Generally speaking, the female subjectivity in Beloved have all lost their identities, because mothers cannot bring up their children, and women doubt their values as human beings. The most dangerous effect of slavery is its negative impact on the slaves’ selfhood. For instance, Sethe acknowledged herself as goods, and gave up her identity as the individual female subjectivity. Therefore, it is necessary to reconstruct the identity of the female subjectivity. Slaves were told they were subhuman and were traded as commodities whose worth could be valued by dollars. Consequently, the female subjectivity in this novel are very insecure about whether or not they could possibly be treated as a real “individual”. To ease the female subjectivity’s worries, we must help them figure out who they are and admit their values as human beings.

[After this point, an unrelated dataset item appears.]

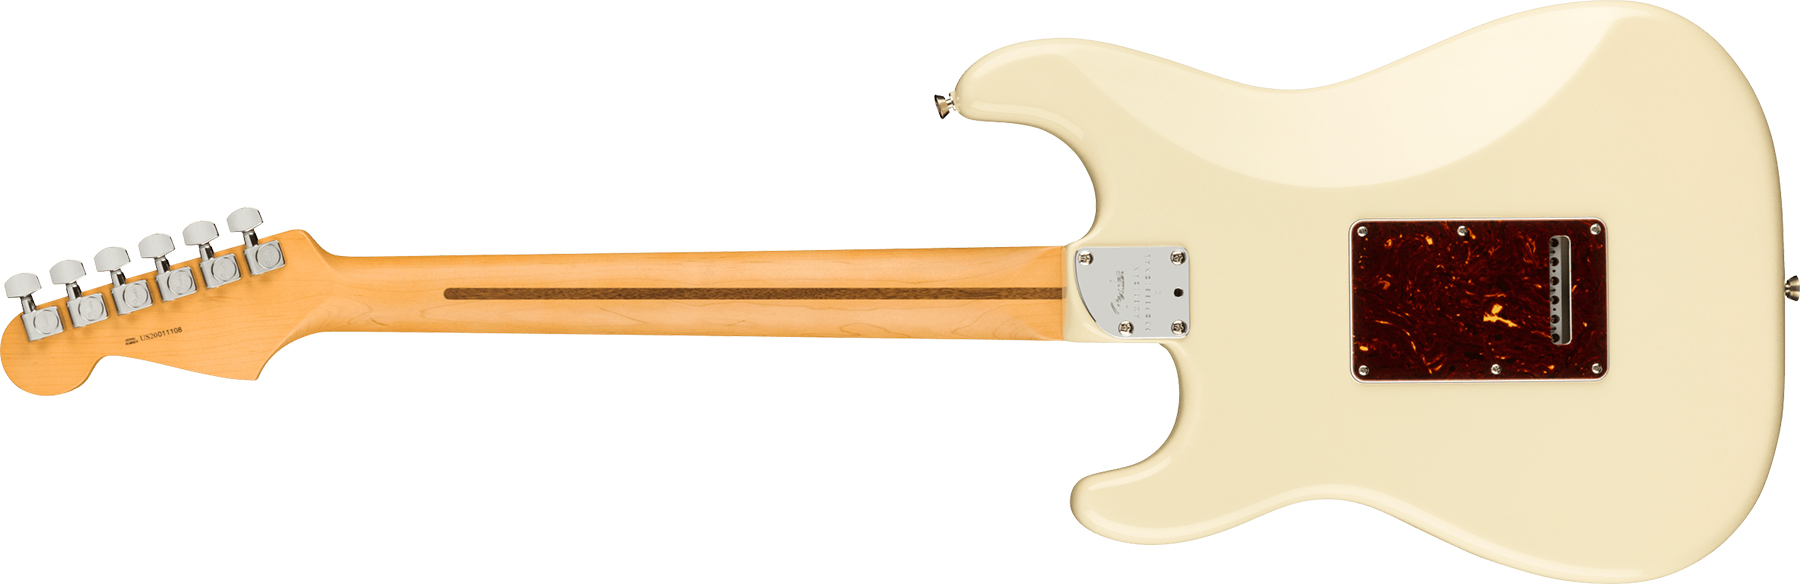 Fender Strat American Professional Ii Lh Gaucher Usa Mn - Olympic White - E-Gitarre für Linkshänder - Variation 1

In addition, Beloved demonstrates the extent to which the female subjectivity need the support of their community in order to survive. When Sethe becomes a part of the Cincinnati community, she begins to develop her selfhood during her twenty-eight days of freedom. Similarly, Denver indeed discovers herself and grows up when she leaves Room 124 and becomes a part of society. At the end of the novel, the black community makes up for its past misbehavior by gathering at Room 124 to collectively exorcise Beloved. By driving Beloved away, the community secures Sethe’s and its own identity for release from the past. As for the female subjectivity in this novel, it is the community shelter which protects them against the severe environment. As for the Cincinnati’s black community, it is the protecting behavior which consolidates the community.

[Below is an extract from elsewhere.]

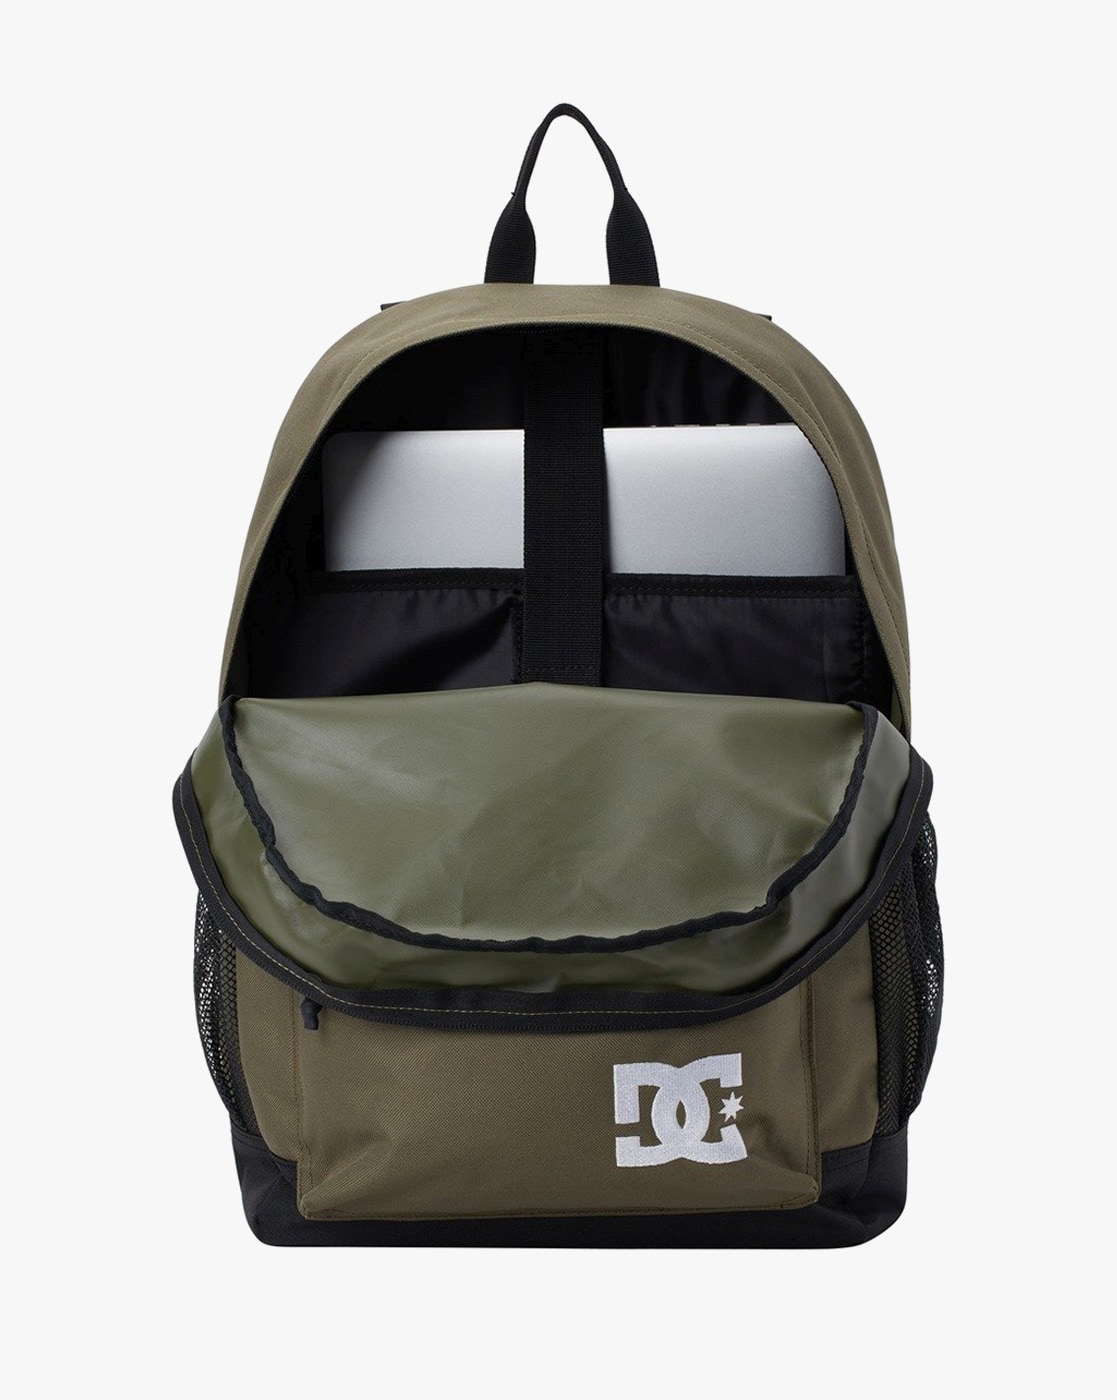 DC Comics Batman Duffel Bag, Comics Duffel Bag, Batman Bag, Men's Gym Bag |  eBay

Last but not least, the female subjectivity spare not efforts to challenge the patriarchal society. Patriarchy is a social system in which males hold primary power and predominate in roles of political leadership, moral authority, social privilege and property control. Despite the reconstruction of the identity and the community shelter, the female subjectivity can still hardly be reestablished if the society remains as a patriarchal society. Sethe kills her own daughter to protect her children from the destruction wrought by slavery and patriarchy. Denver exiles from the place named Room 124 and searches for independence and self-possession. They struggle to free themselves from patriarchy, some succeed while others fail. Those who fail may be too fragile in their inner hearts and indulge themselves in their own world, thus giving up themselves even when opportunities come. Those who succeed always have a thorough understanding of themselves and tend to unite together, so that they can make a breakthrough even in the patriarchal society.

6. Conclusion

This paper analyzes the female subjectivity from the perspective of J. Hillis Miller’s deconstruction, concretely referring to three aspects—figures of speech, etymology and imageries, which reveals the significance of maternal love and freedom under slavery. Through figures of speech, we can clearly understand the changes of the female subjectivity’s life experiences and intention courses. Through etymology and imageries, we can acknowledge that the patriarchal world and slavery system have broken the balance of men and women, slaves and slave owners, mothers and children. The growing experiences of the heroines in this novel are still very meaningful to the modern women. In consideration of the unequal rights between men and women today, we can draw lessons from Beloved that the protection of the female subjectivity requires reconstructing the identity, seeking for community shelter and challenging the patriarchal society.

Conflicts of Interest

The authors declare no conflicts of interest regarding the publication of this paper.